Kubernetes and Apache Kafka are becoming de-facto platforms for developing and deploying microservice architectures.
Kafka is a distributed data streaming platform that enables applications to publish, subscribe to, store, and process streams of messages (or events) in real-time.
These messages are stored inside Kafka topics. A topic is a set of messages you aim to organize for consumption. Each topic is stored on disk, replicated across brokers to ensure fault tolerance, and messages within the topic are retained for a designated time. Figure 1 shows an overview of a Kafka cluster.
We can consider topics as a logical grouping for messages. A Kafka topic, however, is further divided into one or more partitions, where the produced messages are stored.
Fresh messages are appended to one of the topic partitions, and Kafka can only provide ordering guarantees to consumers for messages consumed from a single partition. Employing multiple partitions enhances performance in high data volume, data distribution, and redundancy scenarios.
In essence, a topic combines all the events stored within its partitions.
Figure 2 shows in more detail a topic with its partitions.
Consumers and producers
Let’s explore the two elements not covered yet in these diagrams: the producers and the consumers.

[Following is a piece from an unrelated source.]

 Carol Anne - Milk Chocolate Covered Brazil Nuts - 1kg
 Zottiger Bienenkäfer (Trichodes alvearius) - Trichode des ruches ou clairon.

Producers publish messages to a topic, where each message is added to the tail of a partition. By default, when a message includes a key, the hashed key value determines the partition that will receive the message. Without a key, the sticky partitioner is employed to distribute messages evenly among all available partitions for storage.
You can also use custom logic to route messages to specific partitions using a custom partitioning strategy.
Figure 3 summarizes the Producer interaction with partitions.
Each message published on a topic is delivered to a consumer that has subscribed to that topic.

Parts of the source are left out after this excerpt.